The Environmental Protection Agency’s regulatory authority over carbon dioxide emissions “would be phased out,” the report states. It predicts “repeal of the Clean Power Plan.”

What else goes away? Potential liability for fossil fuel producers. “Robust carbon taxes would also make possible an end to federal and state tort liability for emitters,” the report states.

And what about the carbon tax consequences for Miller’s own company? “In terms of the impact for Calpine as a company,” Miller says, “we’ve long been advocates of pricing carbon. It levels the playing field and stops the government from picking winners and losers.”

The Regulatory Framework

Patrick Ferguson heard about the Baker-Shultz carbon tax proposal from a direct source. A partner in Davis Wright Tremaine’s San Francisco office, Ferguson is on the board of directors of the Power Association of Northern California (PANC), to whom Shultz presented the carbon tax plan in April.

The PANC members at Shultz’s presentation included energy professionals from investor-owned utilities, independent power producers, power marketers, fuel suppliers, municipal utilities, energy customers and regulatory agencies.

“As always, the devil’s in the details,” says Ferguson. “It’s a high-level proposal. There would have to be kind of exceptions to the rules.” He envisions that “certain industries would be exempt,” and says the number of exceptions will dictate how effective the tax becomes at achieving carbon reduction.

Investments in the energy distribution system would be required to make the costs of a carbon tax livable, Ferguson says, but an examination of those investments aren’t in the Baker-Shultz plan. The carbon tax proposal will eventually lead to a split in the fossil fuel industry, pitting modern natural gas turbine operators against other providers, including coal plants and older gas facilities, the Davis Wright lawyer says.

“In a lot of ways, a carbon tax would be a boon to the natural gas industry,” Ferguson says.

A carbon tax “just means we will be paying more for our fuel, which is natural gas,” says Calpine’s Miller. But those costs will be passed onto consumers, and Calpine’s costs will not be as high as some of its electricity-producing rivals, since it relies largely on natural gas and alternative fuels and — notably — no coal, Miller says. “A carbon tax will hit coal hard.”.

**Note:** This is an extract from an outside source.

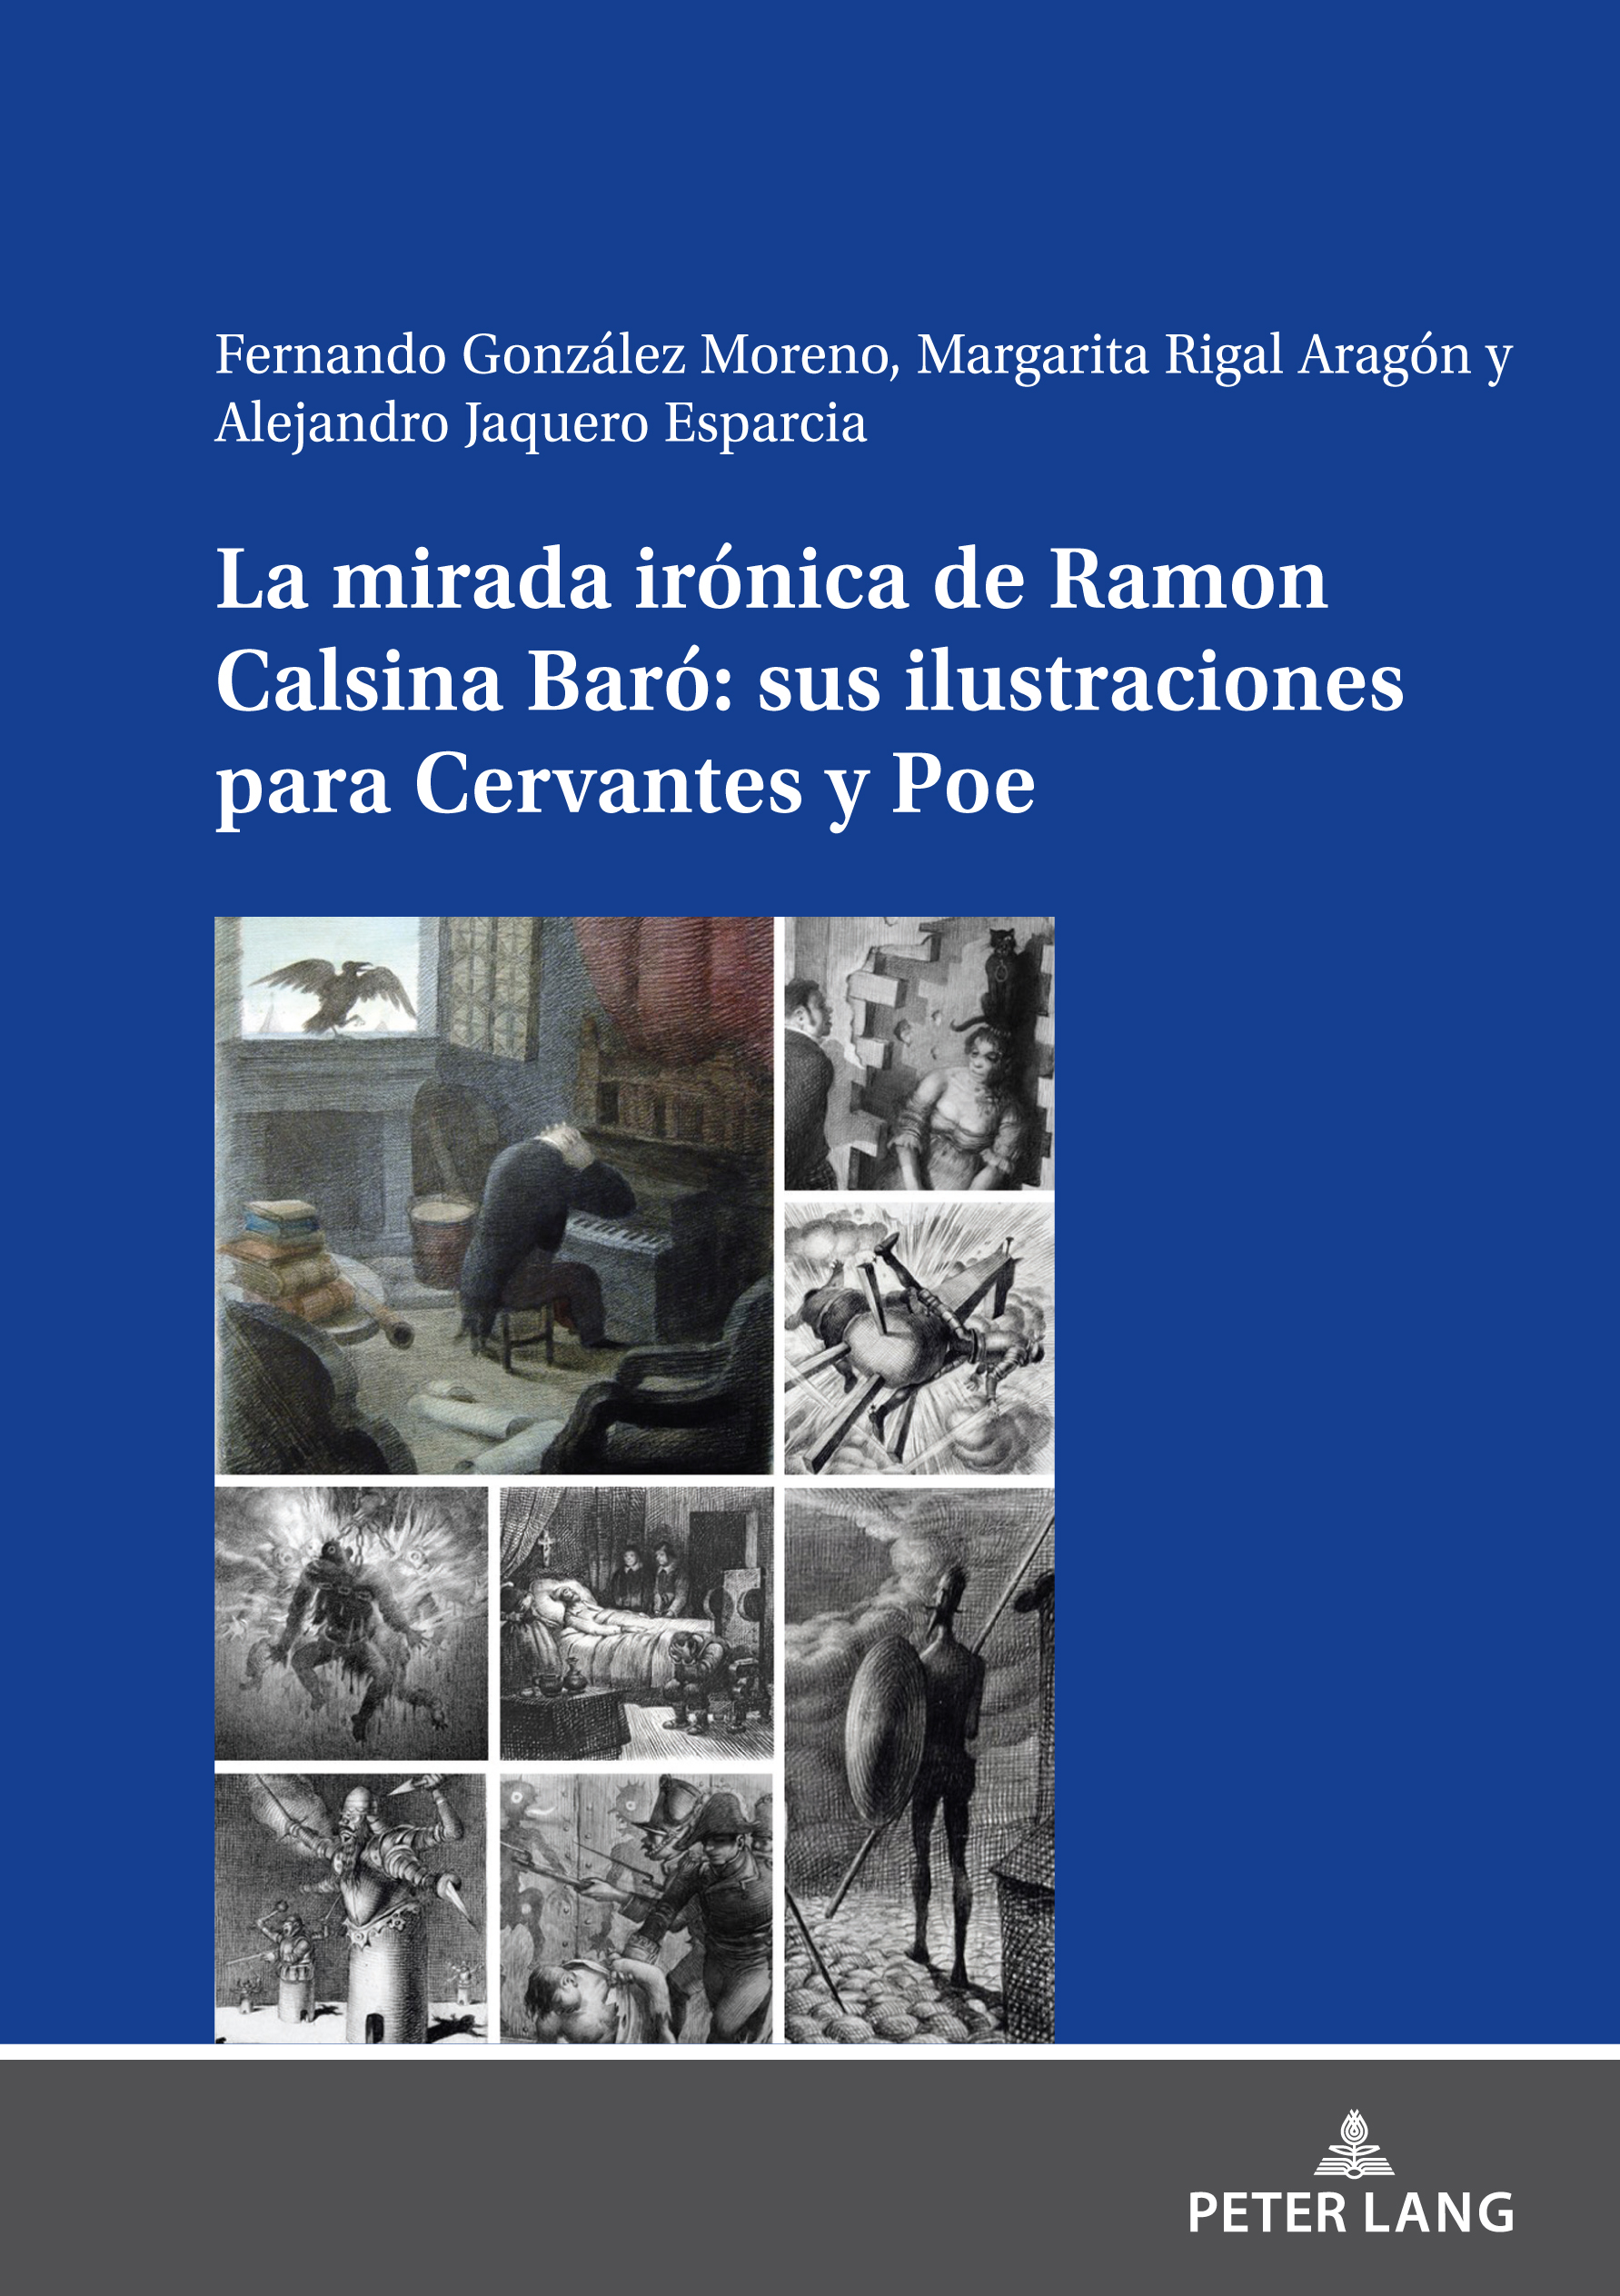 Imagen de portada del libro La mirada irónica de Ramon Calsina Baró

Will the carbon tax proposal or other broad-scale regulatory changes impact the clean energy world soon? Miller doubts it, based on the political realities of the Washington, D.C., bottleneck. “We don’t expect any kind of massive congressional proposals,” Miller says. “They’ve got their hands full at the moment.”

The Outlook for Law Firms

Even though it could idle some lawyers, partners from Baker Botts, Jackson Walker and Haynes and Boone — all Texas-based firms with corporate oil and gas clients — have voiced tentative support for the Baker-Shultz carbon tax proposal. The lawyers reacted positively to the news that Exxon and the other oil companies supported the plan.

“I think it’s incredible to have Exxon’s support,” says Megan Berge, a partner in the Washington, D.C., office of Baker Botts. She stressed she was only speaking for herself and not any particular client or for Baker, who is also a partner at the firm.

“I see the endorsement of this by the world’s largest gas producers as game-changing,” says Amy Baird, a Jackson Walker partner in Houston.

Amy L. Baird, partner at Jackson Walker in Houston.

Courtesy photo

A policy switch could have big implications for lawyers who counsel clients on regulatory matters and who litigate challenges to the Clean Air Act. “It will be less work for all those people,” Baird predicts. “If all there is to dispute is the level of emissions, that’s a heck of lot easier for the government to enforce.”

If the tax is set high enough, Baird says, emissions and litigation could decline as utility companies and consumers rely less on carbon-producing fuels.

But there’s no consensus that lawyers would lose out. “I don’t see it as a lawyer unemployment act,” says Baker Botts’ Berge, adding that the work “would shift to different arenas.”

Given that the Trump administration has not signaled support for the plan, Berge said it’s “more than a little bit speculative” to determine which lawyers will gain­­ — or lose­ — business from a carbon tax.